EXERCISE AIM. Word for word, restate the data that follows, omitting the images.

GIVEN MATERIAL.
##############################

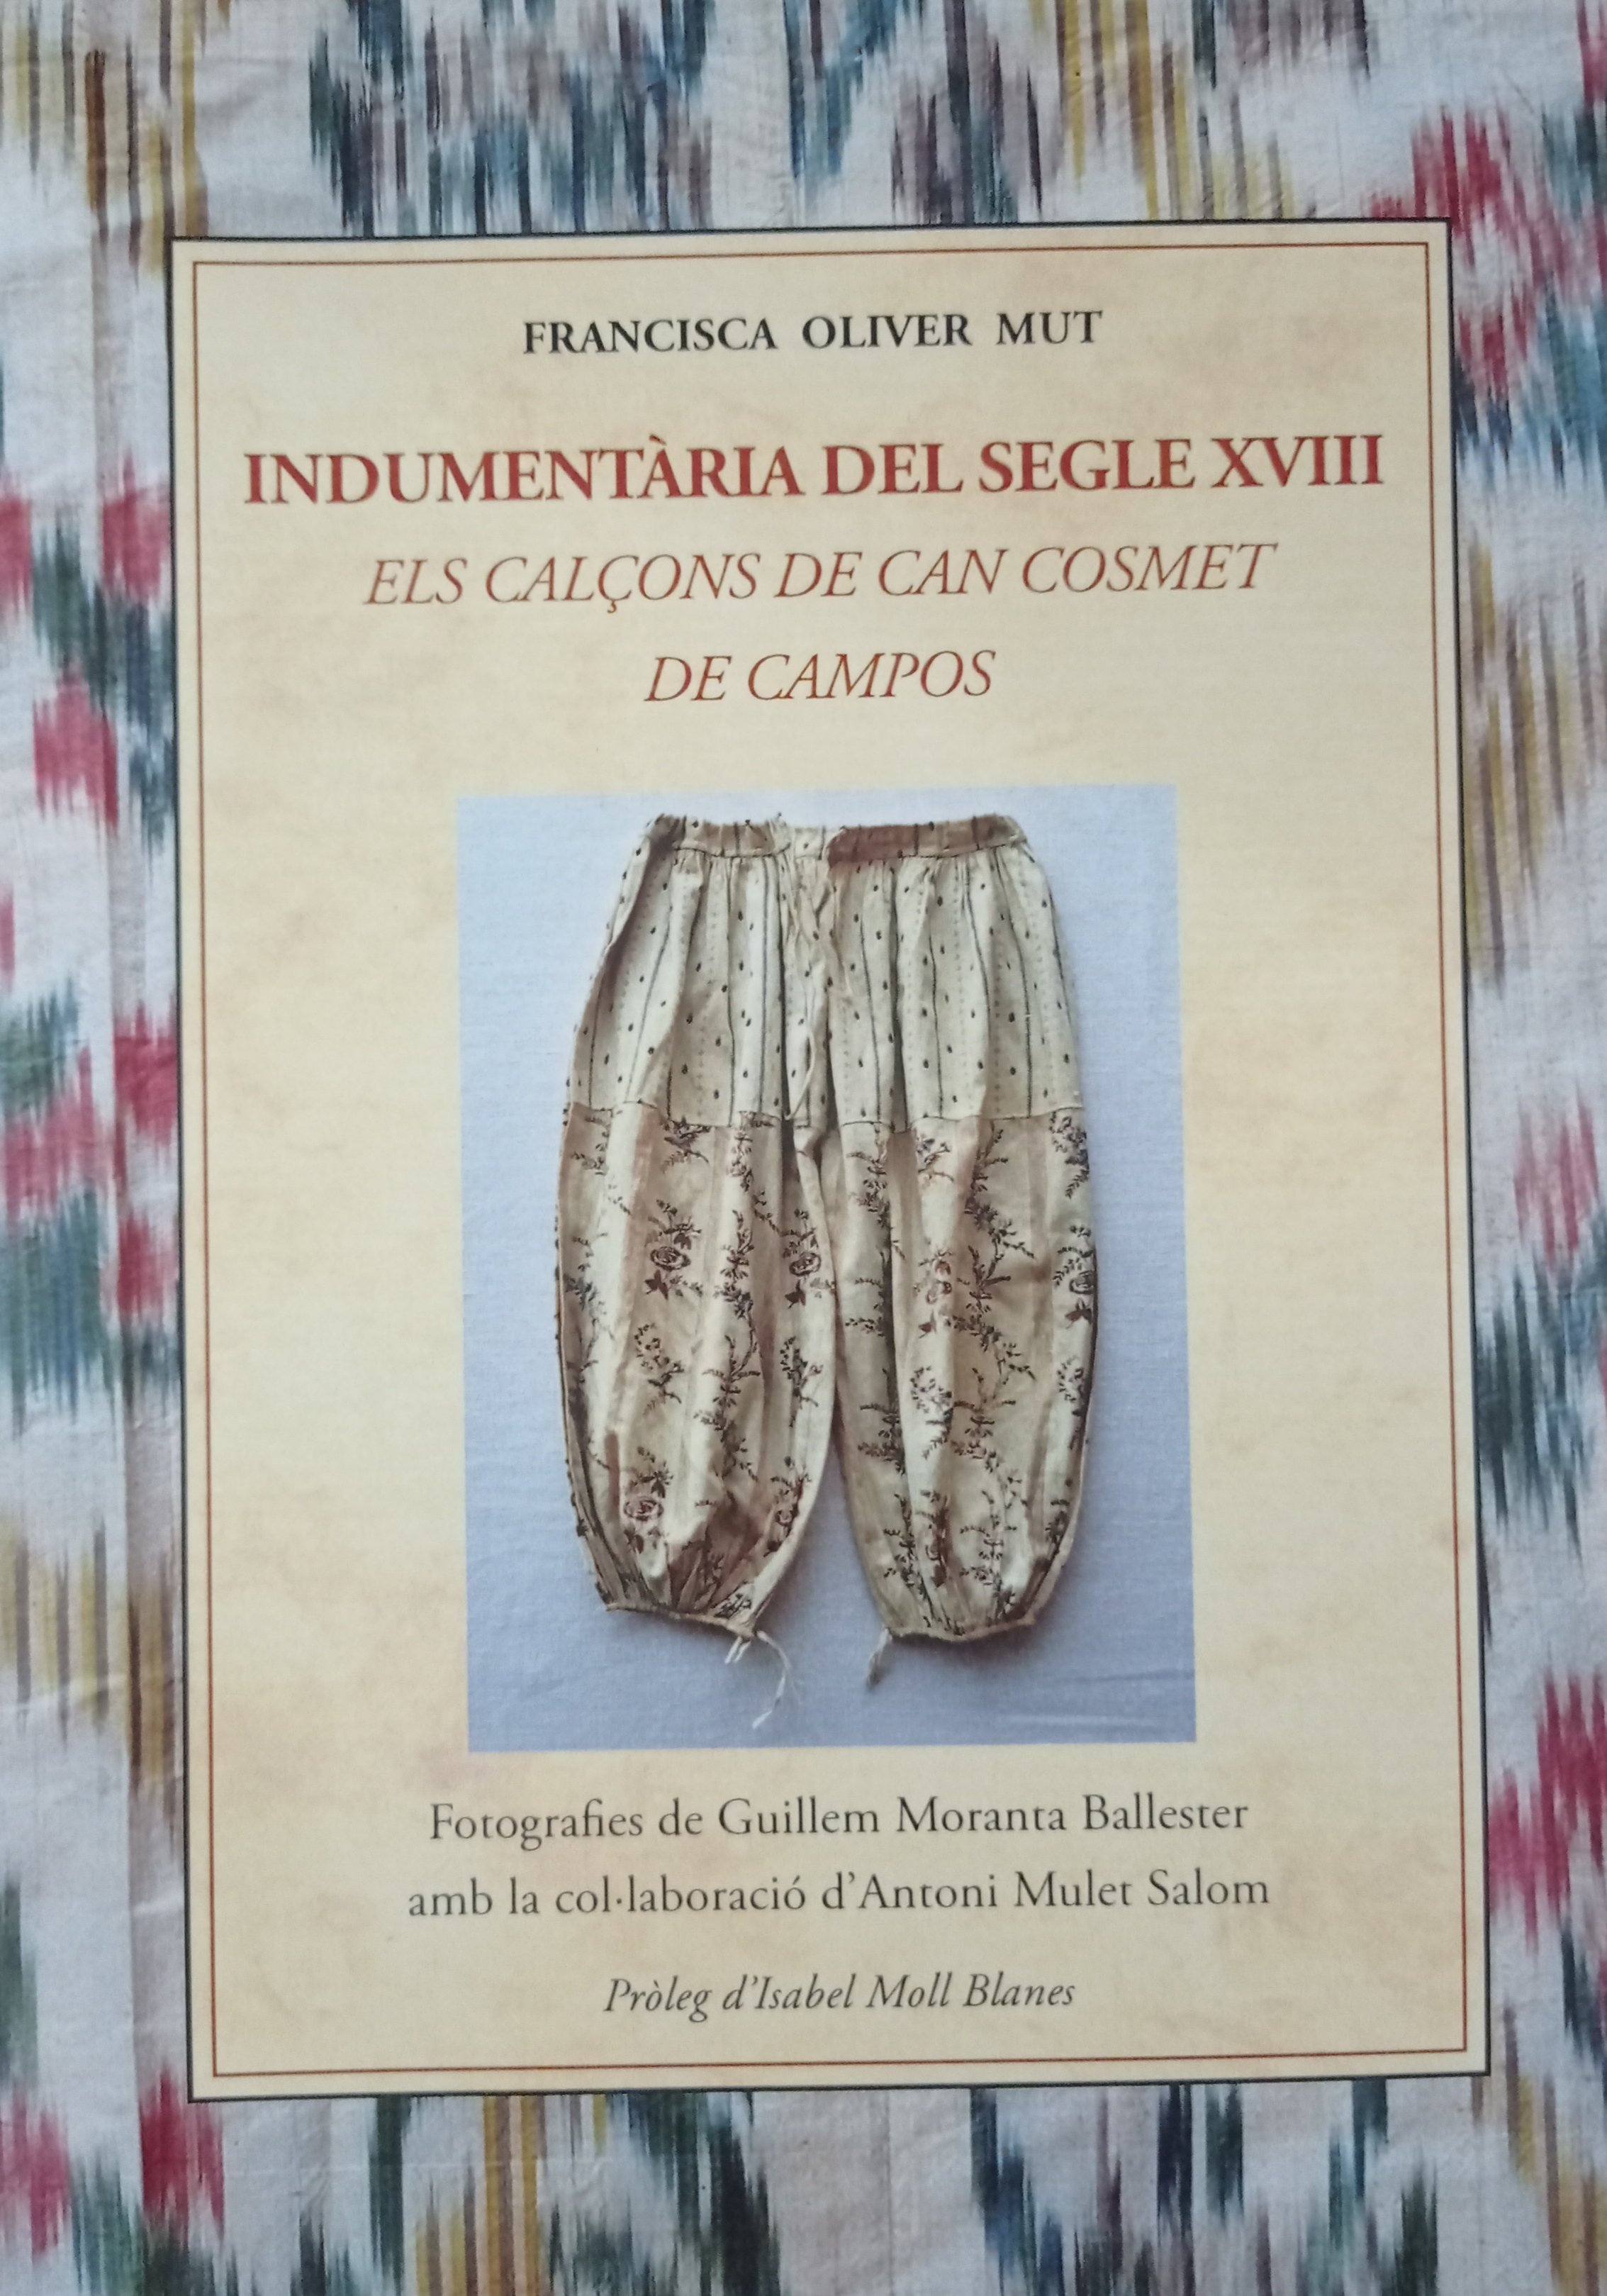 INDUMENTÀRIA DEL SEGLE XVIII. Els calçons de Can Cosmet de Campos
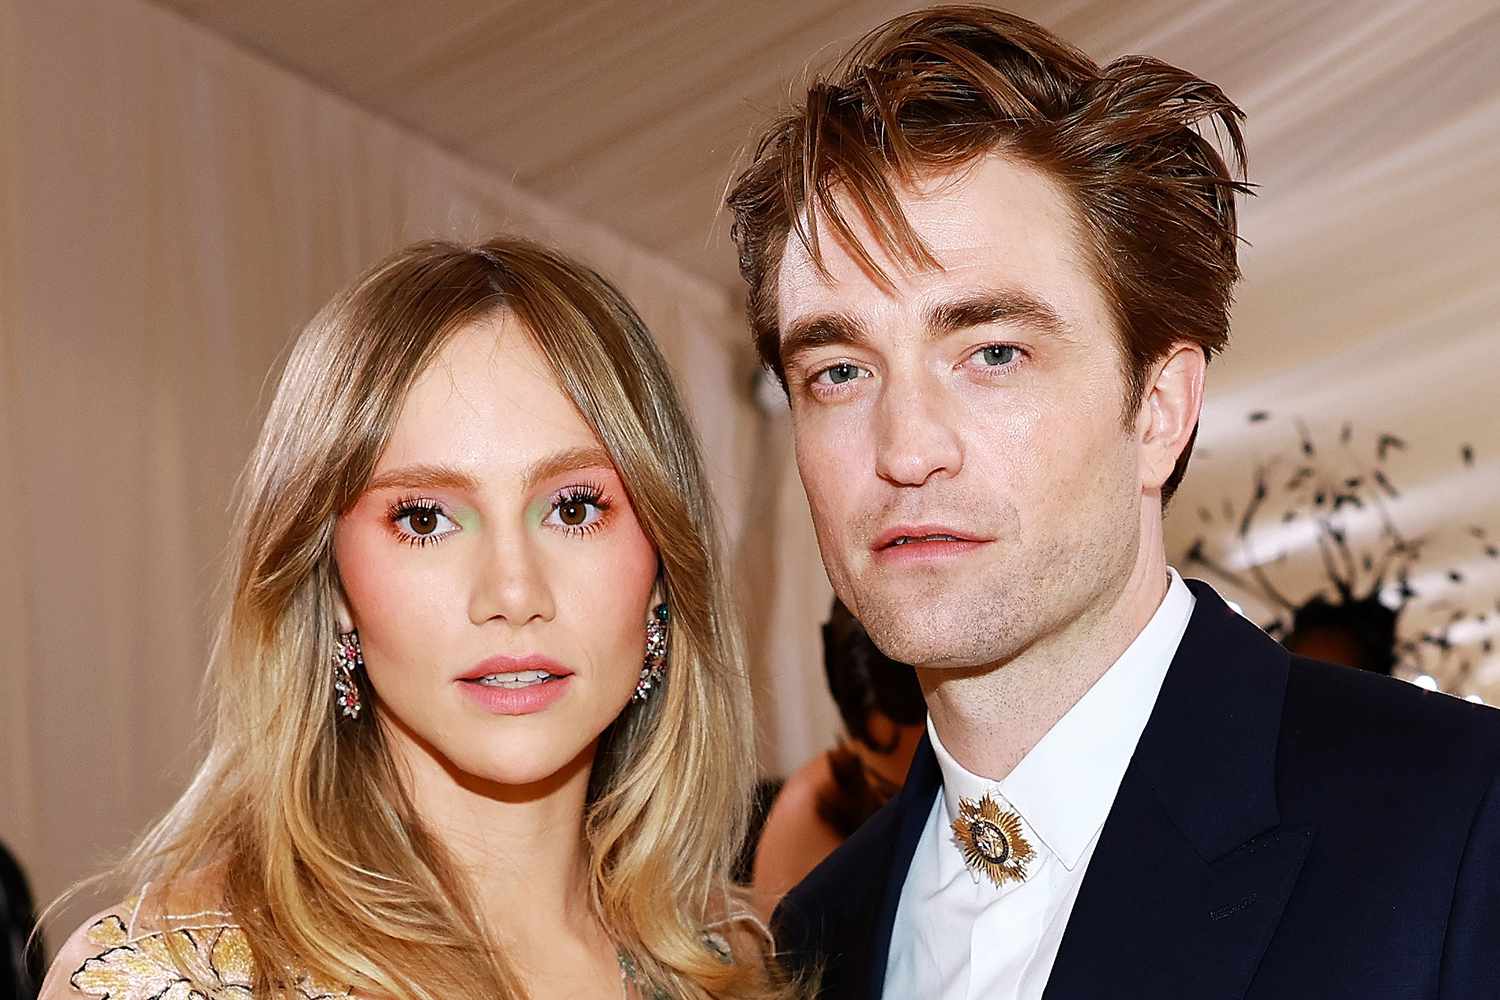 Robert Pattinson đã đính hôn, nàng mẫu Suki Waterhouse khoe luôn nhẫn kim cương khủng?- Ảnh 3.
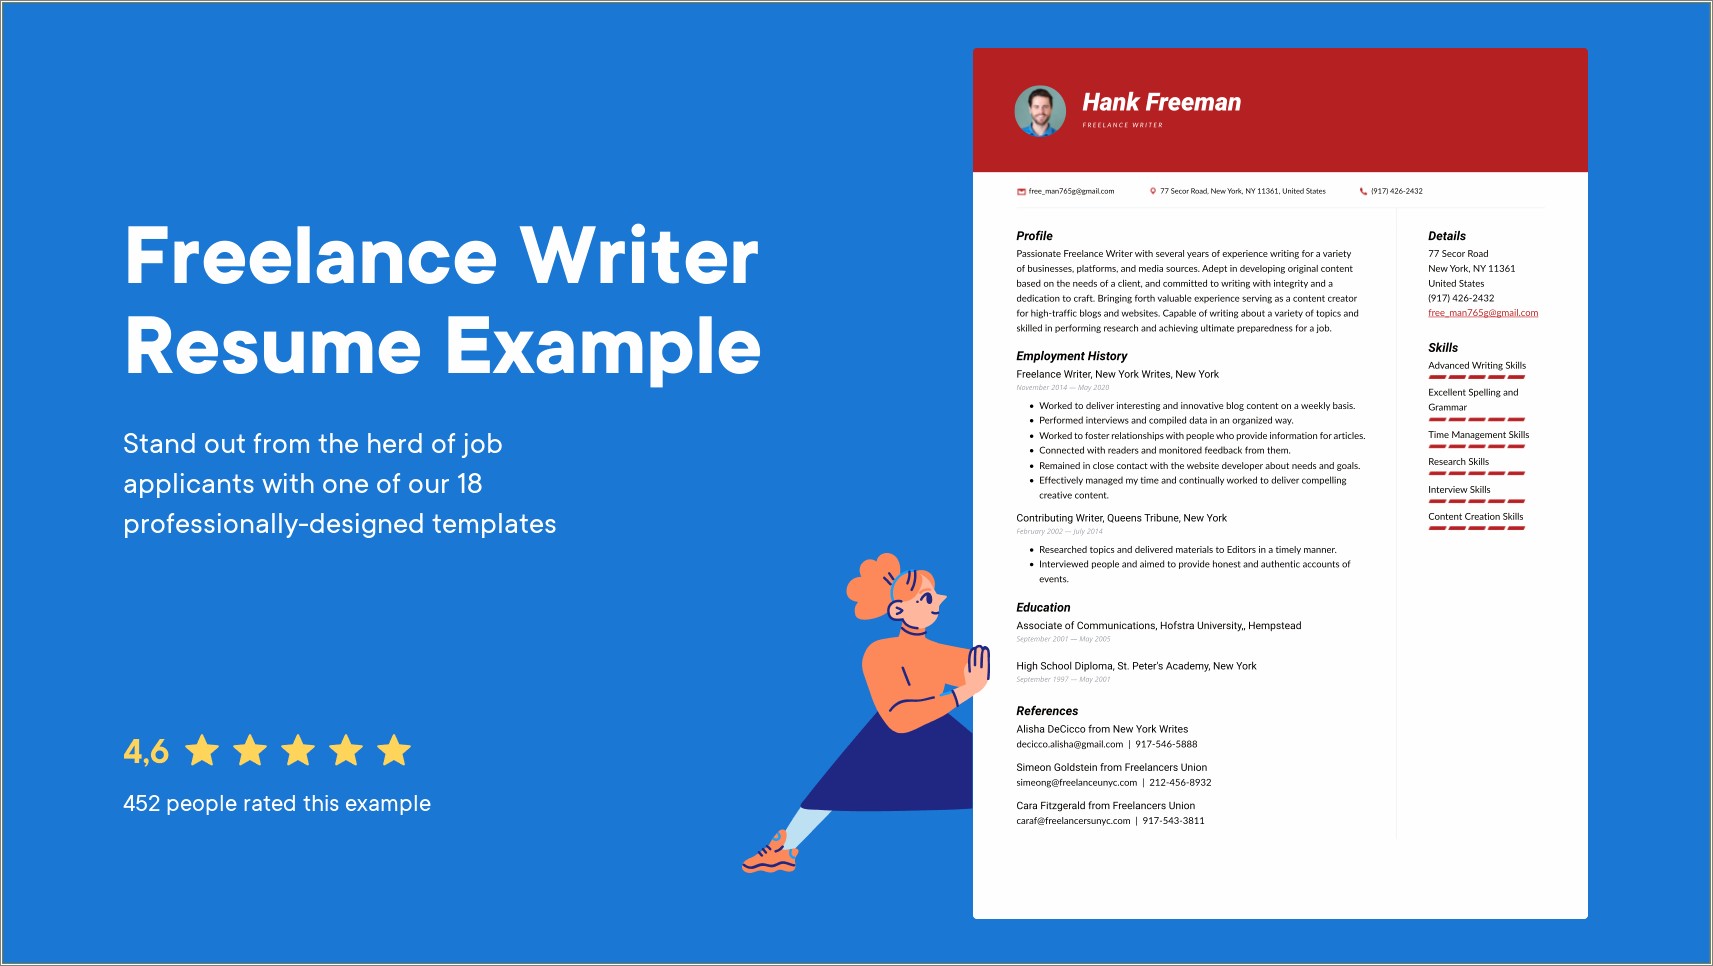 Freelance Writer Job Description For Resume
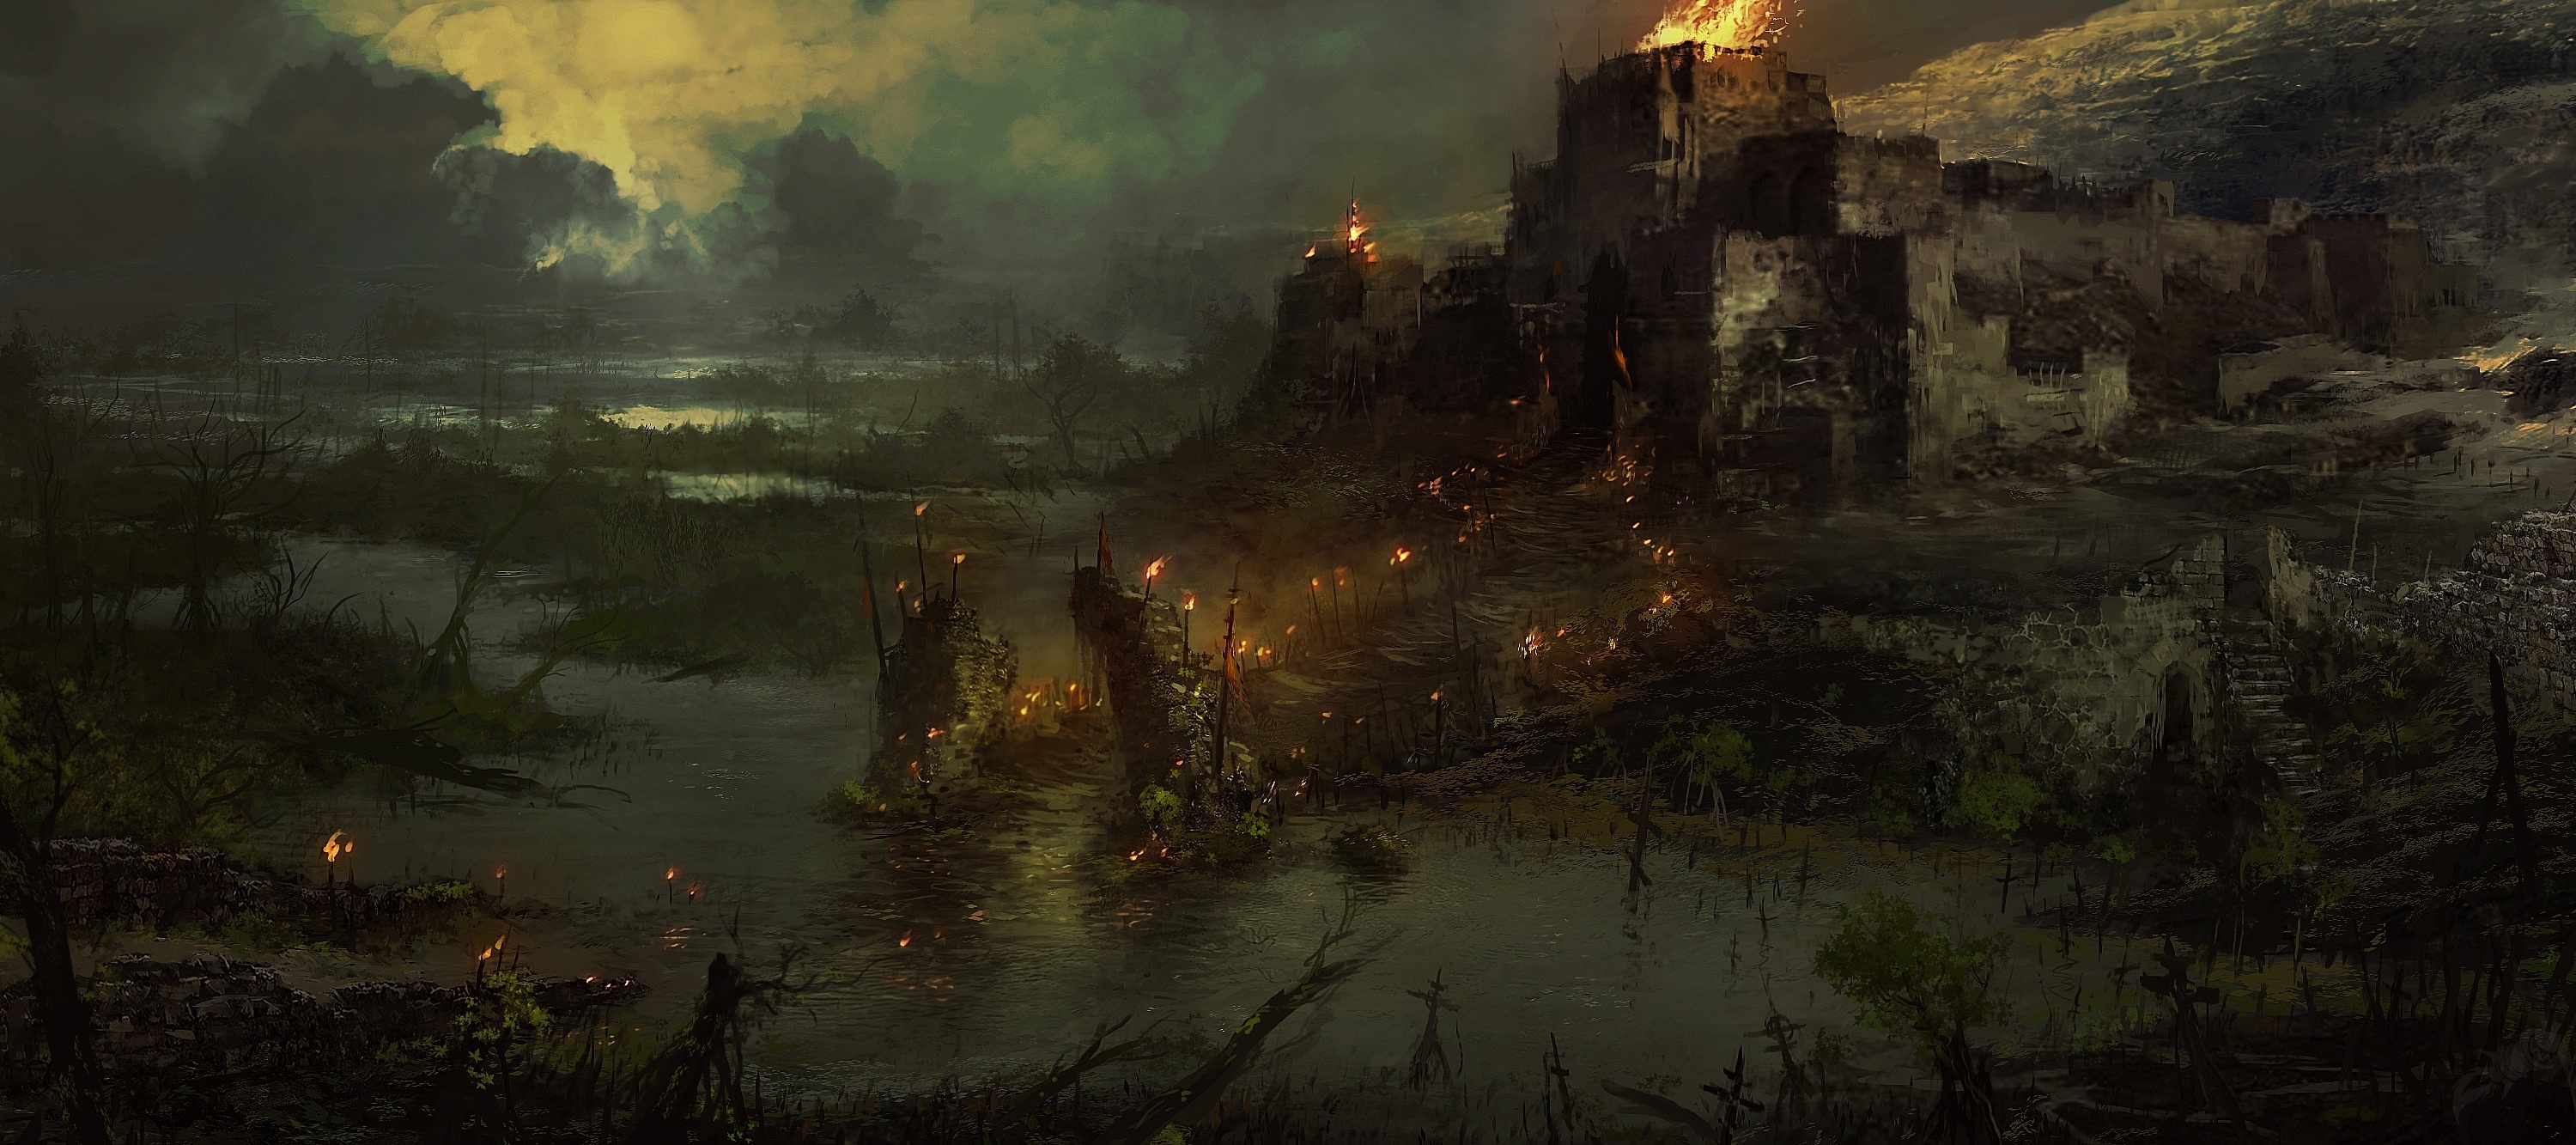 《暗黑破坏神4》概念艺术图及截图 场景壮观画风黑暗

##############################

EXERCISE RESULT.
 INDUMENTÀRIA DEL SEGLE XVIII. Els calçons de Can Cosmet de Campos
 Robert Pattinson đã đính hôn, nàng mẫu Suki Waterhouse khoe luôn nhẫn kim cương khủng?- Ảnh 3.
 Freelance Writer Job Description For Resume
 《暗黑破坏神4》概念艺术图及截图 场景壮观画风黑暗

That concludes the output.